Du pain et du vin, et toi, près de moi.

Et sous notre chant ce désert deviendra

Le Ciel-sur-la-terre... et le restera.

 

Après quoi, le jeune homme doré glissa un regard dans la direction de Scarabée et sembla lui adresser un clin d’œil. Les nerfs de Scarabée subirent un affront, car il était bien caché. Nul ne pouvait le déceler. Il avait d’ailleurs dû se tromper au sujet de ce clin d’œil, car le jeune homme dit alors à la femme :

— Rentrons et laissons la nuit à l’extérieur faire comme bon lui plaira.

Elle aussi parut regarder alors vers Scarabée parmi les noisetiers, mais il était impossible qu’elle le vît. Tous deux se levèrent, pénétrèrent dans la chaumière et fermèrent hermétiquement la porte.
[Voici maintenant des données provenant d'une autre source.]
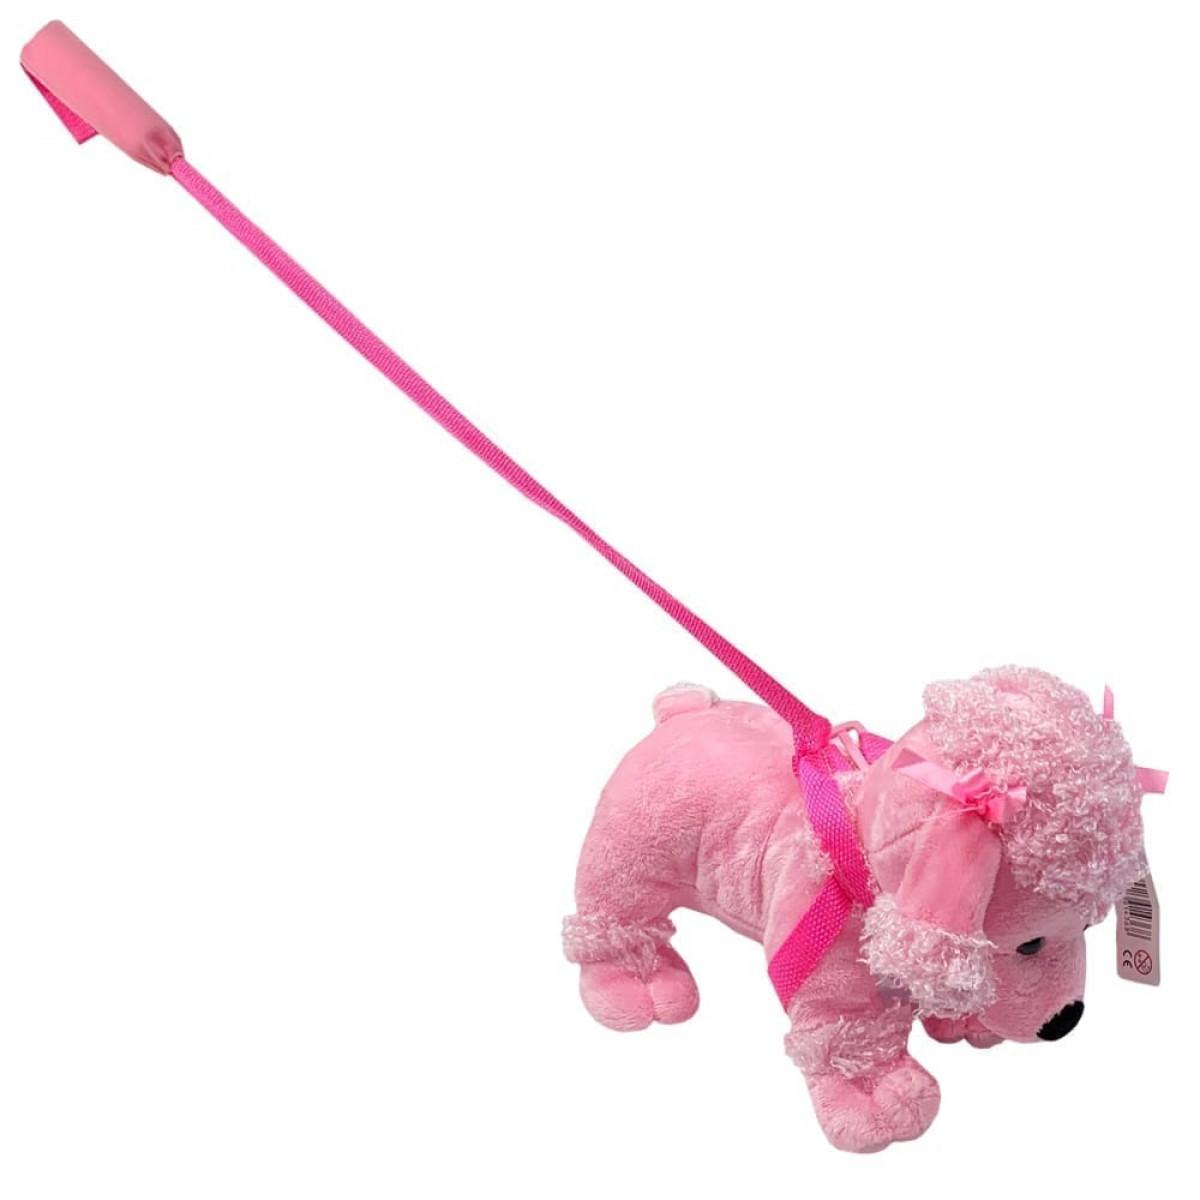 poodal pink

Au bout d’un instant, la lumière fut baissée.

Scarabée attendit longtemps, un siècle de famine qui le tenaillait, avant de s’avancer sur la pointe des pieds jusque dans le jardin pour prendre un peu de nourriture sur la table, ainsi que la cruche en terre qui semblait pleine de vin sombre. Il avait tiré la majeure partie de son alimentation véritable en volant les prêtres ; il y avait été forcé et ce vol-ci ne lui inspira aucun scrupule, car, s’ils étaient pauvres, ces deux-là avaient tout ce qu’il leur fallait, en plus de la beauté et de l’amour. Mais, après une dizaine de gorgées, il abandonna la cruche parmi les racines des noisetiers avant de s’enfuir en courant.

Peut-être grâce à la chance des ivrognes, puisqu’il n’avait pas de chance véritable, Scarabée retrouva son feu en train de mourir et l’antique mule en train de ronfler à côté. Une fois là, Scarabée avala les pommes et le fromage presque sans les mâcher, au cas où le couple le poursuivrait. Ce ne fut point le cas. Au matin, ils supposeraient qu’une bête sauvage avait pris leur nourriture et renversé la cruche... peut-être le lièvre noir que Scarabée, rendu fou par la faim, avait cru voir porter des bijoux...

 

Scarabée rêvait que le soleil se levait au-dessus de la forêt et que les oiseaux faisaient une musique pareille à celle des lyres. Et, devant lui, ce n’était plus la mule décrépite, mais un cheval argenté magnifiquement revêtu de safran et d’or, des clochettes accrochées à la bride décorée de glands, les sacs de selle gonflés de part et d’autre de ses flancs robustes. Dans son rêve, par une réaction assez raisonnable, Scarabée resta sous le charme. Il se leva, imbu de bien-être et d’optimisme, et se rendit compte qu’il portait une robe de soie épaisse brodée sur toute sa longueur, tandis qu’il avait aux pieds des chaussures tellement confortables qu’il n’eût jamais su qu’il les portait sans la couleur de leur teinture. Les bagues qu’il avait aux doigts l’eussent également aveuglé si ses yeux, dans son rêve, n’avaient été aussi anormalement perçants et clairs...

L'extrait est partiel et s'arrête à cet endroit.